Given groupAlloc(allocator, .{ Foo, []u8, u8 }, .{ 2, 4, 256 }), this will allocate a region of memory equivalent to:

extern struct {
    allocation_len: usize = @sizeOf(@This()),
    @"0": [2]Foo,
    @"1": [4][]u8,
    @"2": [256]u8,
}

When the allocation is later freed by groupFree(allocator, .{ Foo, []u8, u8 }, foos), it uses the type information as well as the allocation_len value stored immediately before &foos[0] to reconstruct the size of the original allocation and pass it to allocator.free().

You could probably extend this idea further to support alignments and sentinels like all the regular allocation functions.

5 Likes

That does seem less magical than allowing a mixture of types and values (although Zig handles that kind of thing just fine). I like it.

thats what i thought of implementing, but i figured a header and data would more clearly show how to do this kind of thing

If you want to use the padding you ofc need to control the order of fields, so you’d use an extern or packed type

If we just want to make sure there aren’t unused bits or padding we can use std.meta.hasUniqueRepresentation

It would be nice if we don’t have to waste a usize to store the length of the original slice. Allocators generally can free the chunk using the address alone. If memory serves, DebugAllocator does perform a comparison against the length that it has stashed somewhere.

1 Like

EDIT: I misunderstood the implementation, but I think the last part of this answer is still a good idea

I mean, the size has to get stored somewhere if you don’t store it yourself you’re just moving the responsibility to the allocator. There might be some optimizations like memory regions that only contain allocations of one fixed size but this is still generally true. This is generally not expected of implementations of Allocator, DebugAllocator just does it for redundancy.
If you have some other way in your program to know the size of your allocations you can still extract the pointers from the slices returned by groupAlloc() just like you can with regular alloc().
What might make things easier is if groupAlloc() returned something like a std.MultiArrayList(struct { ptr: *anyopaque, len: usize }).Slice but with type safety, then you could still get() single slices but also strip all len fields at once with .items(.ptr) without needing new memory to store the pointers in.

Yes, speaking for myself I was deliberately ignoring the ‘back end’ here, just because there’s a lot to explore in terms of the interface for getting back a useful composite allocation.

But in C, you’re just malloc’ing a slice of bytes and doling it out, and free just wants the pointer to the head of that slice. Ideally we would get that simplicity of freeing memory as well.

That’s one of the reasons I want this in the Allocator interface actually, because it’s not at all clear to me that this is guaranteed to happen. allocator.free gets a slice, after all, not a pointer. So I don’t actually know that the contract includes storing metadata behind the pointer which makes it clear what region of memory has become invalid, given a particular pointer.

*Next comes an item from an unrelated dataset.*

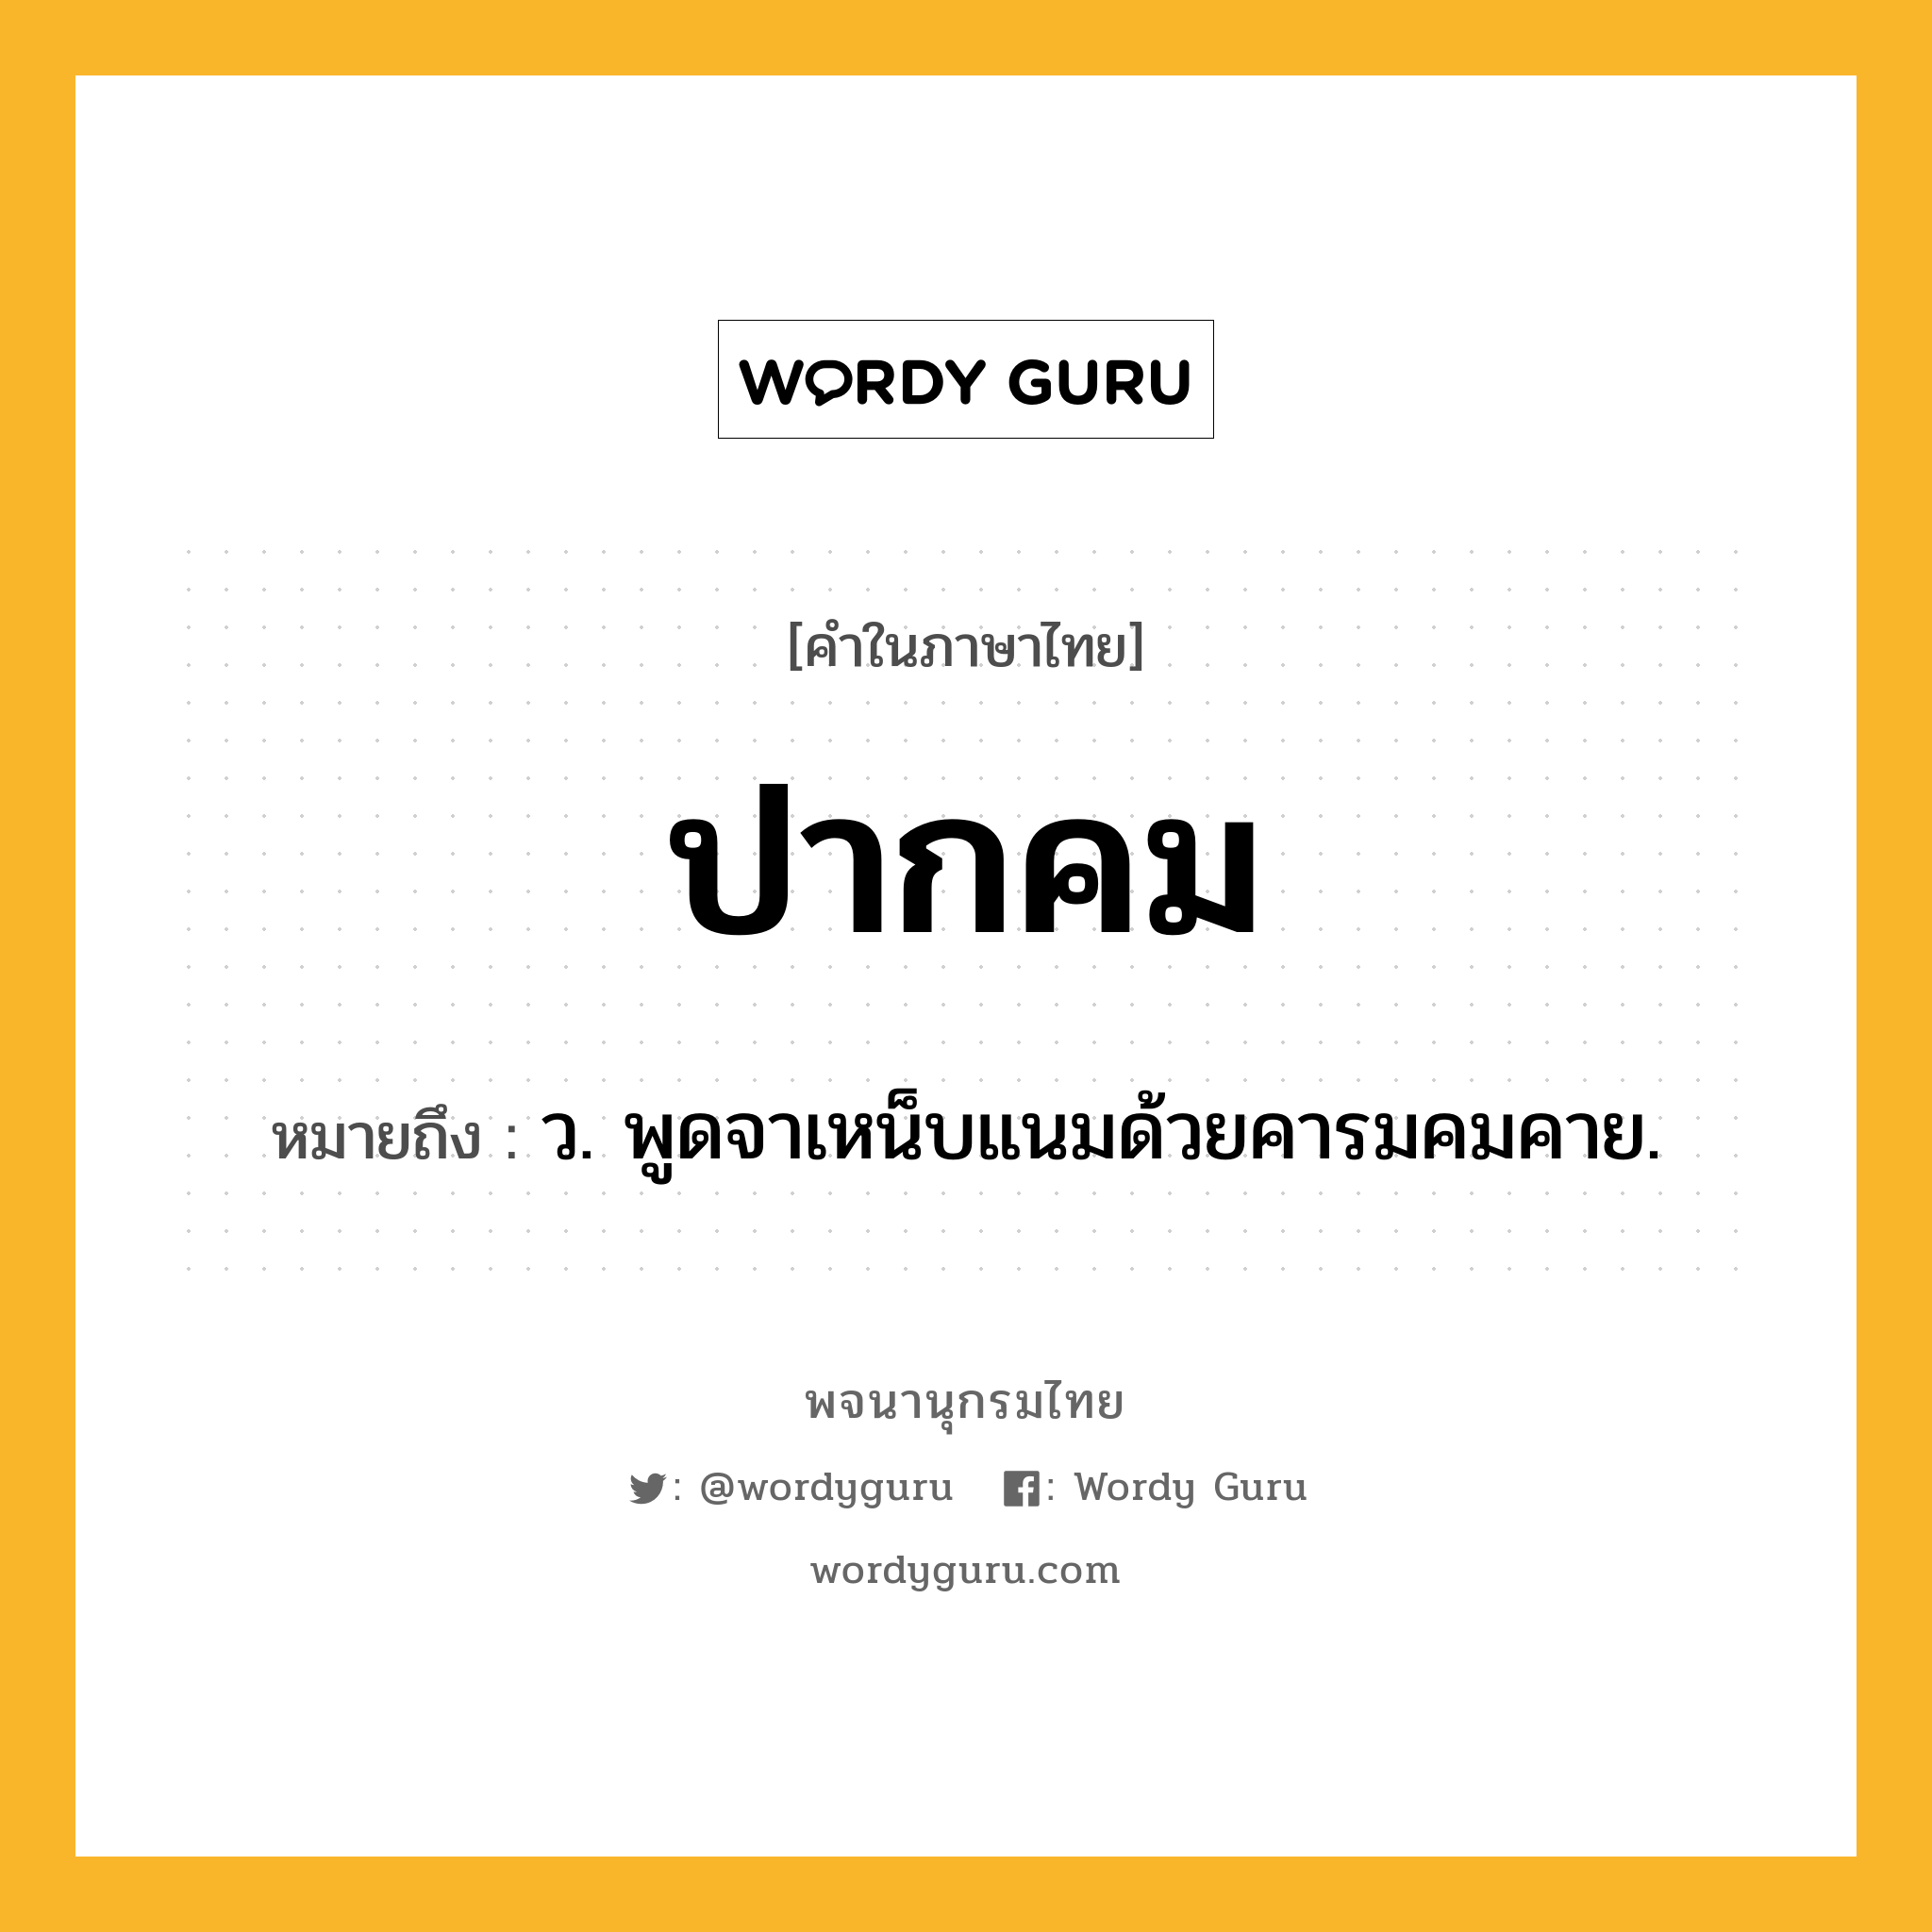 ปากคม ความหมาย หมายถึงอะไร?, คำในภาษาไทย ปากคม หมายถึง ว. พูดจาเหน็บแนมด้วยคารมคมคาย.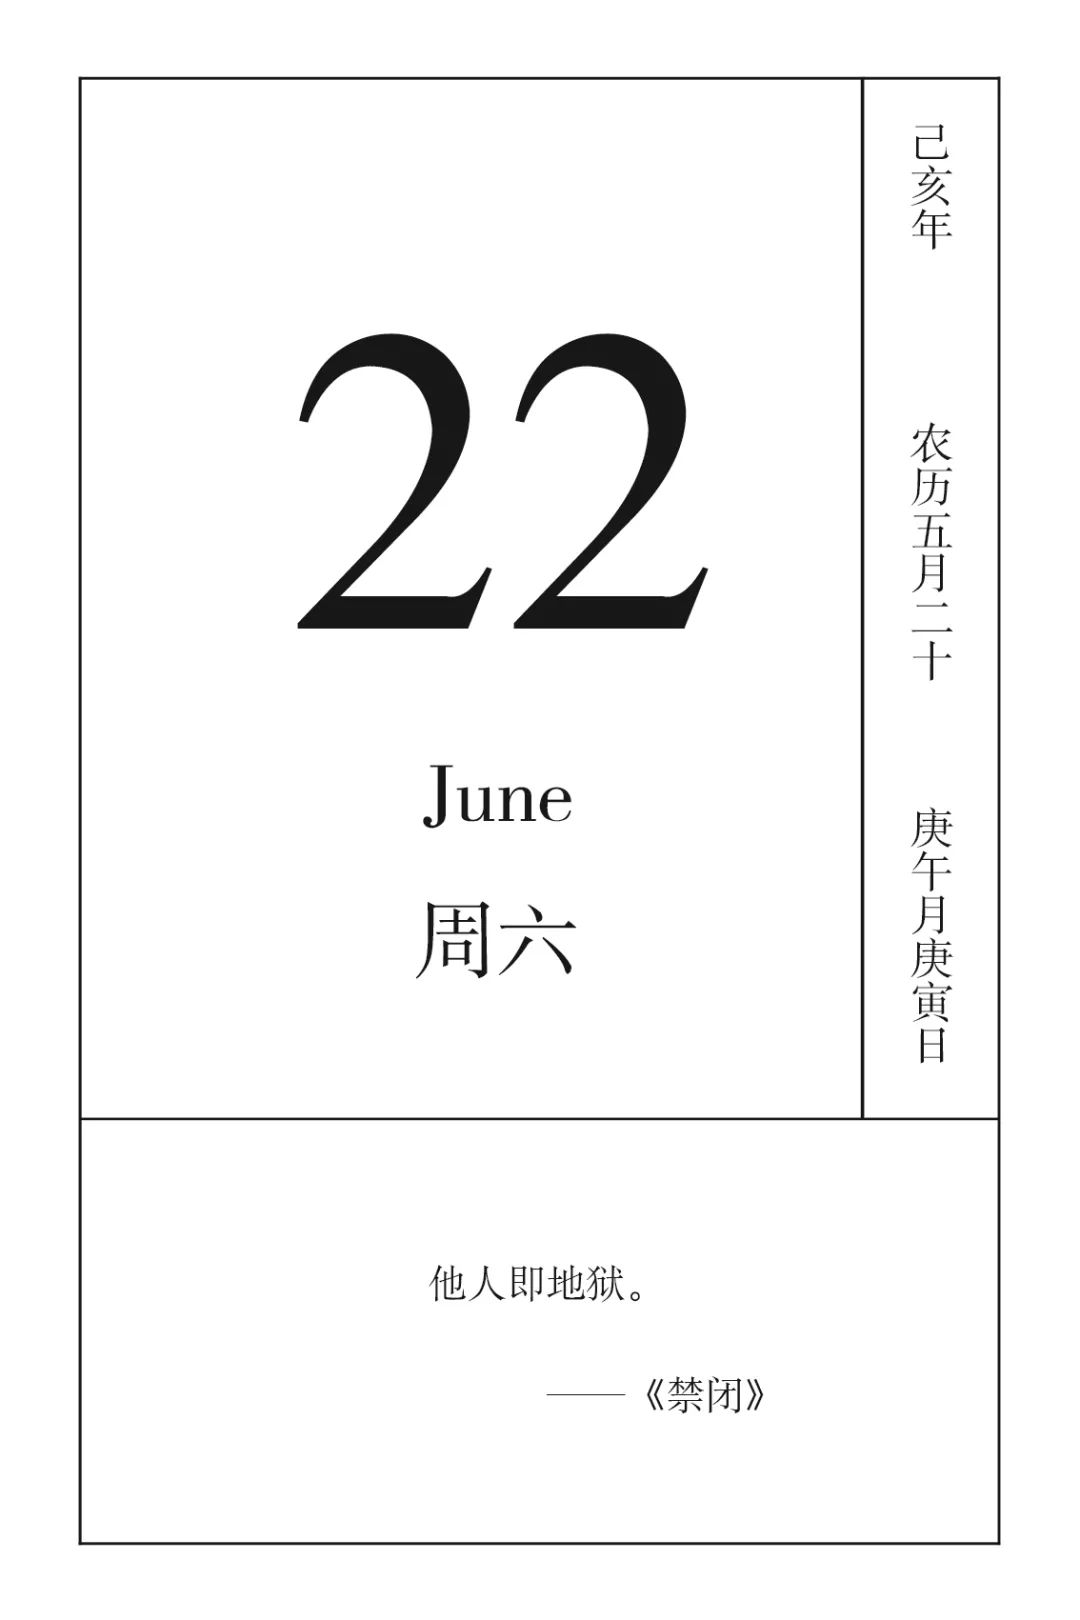 戏剧日历丨6月22日,做自己

The doc comment is not promising, I’m afraid:

/// Free and invalidate a region of memory.
///
/// `memory.len` must equal the length requested from the most recent
/// successful call to `alloc`, `resize`, or `remap`. `alignment` must
/// equal the same value that was passed as the `alignment` parameter to
/// the original `alloc` call.
///
/// `ret_addr` is optionally provided as the first return address of the
/// allocation call stack. If the value is `0` it means no return address
/// has been provided.

That makes it clear that an allocator implementation is free to treat the length field as binding, that is, it does not have to track the region separately.

So we’d probably need to have freeptr, something like:

Frees all memory last allocated for this pointer. The allocator implementation may make this memory available again, and user code must assume it is no longer valid to reference.

That’s phrased so that something like an arena is not obliged to do anything at all, but most allocators will track this with metadata, the way free works now.

Perhaps it could have a nullable length field, so that the VTable would no longer need free as currently written, it could just pass the length back when that’s known. But it would be tricky to specify under what conditions it’s allowed to be null, without making explicit reference to functions in Allocator. Maybe that’s ok though.

All in all, perhaps the most Ziggish thing to do is delegate this to userspace, by making the freeWhatever function more complex as originally suggested.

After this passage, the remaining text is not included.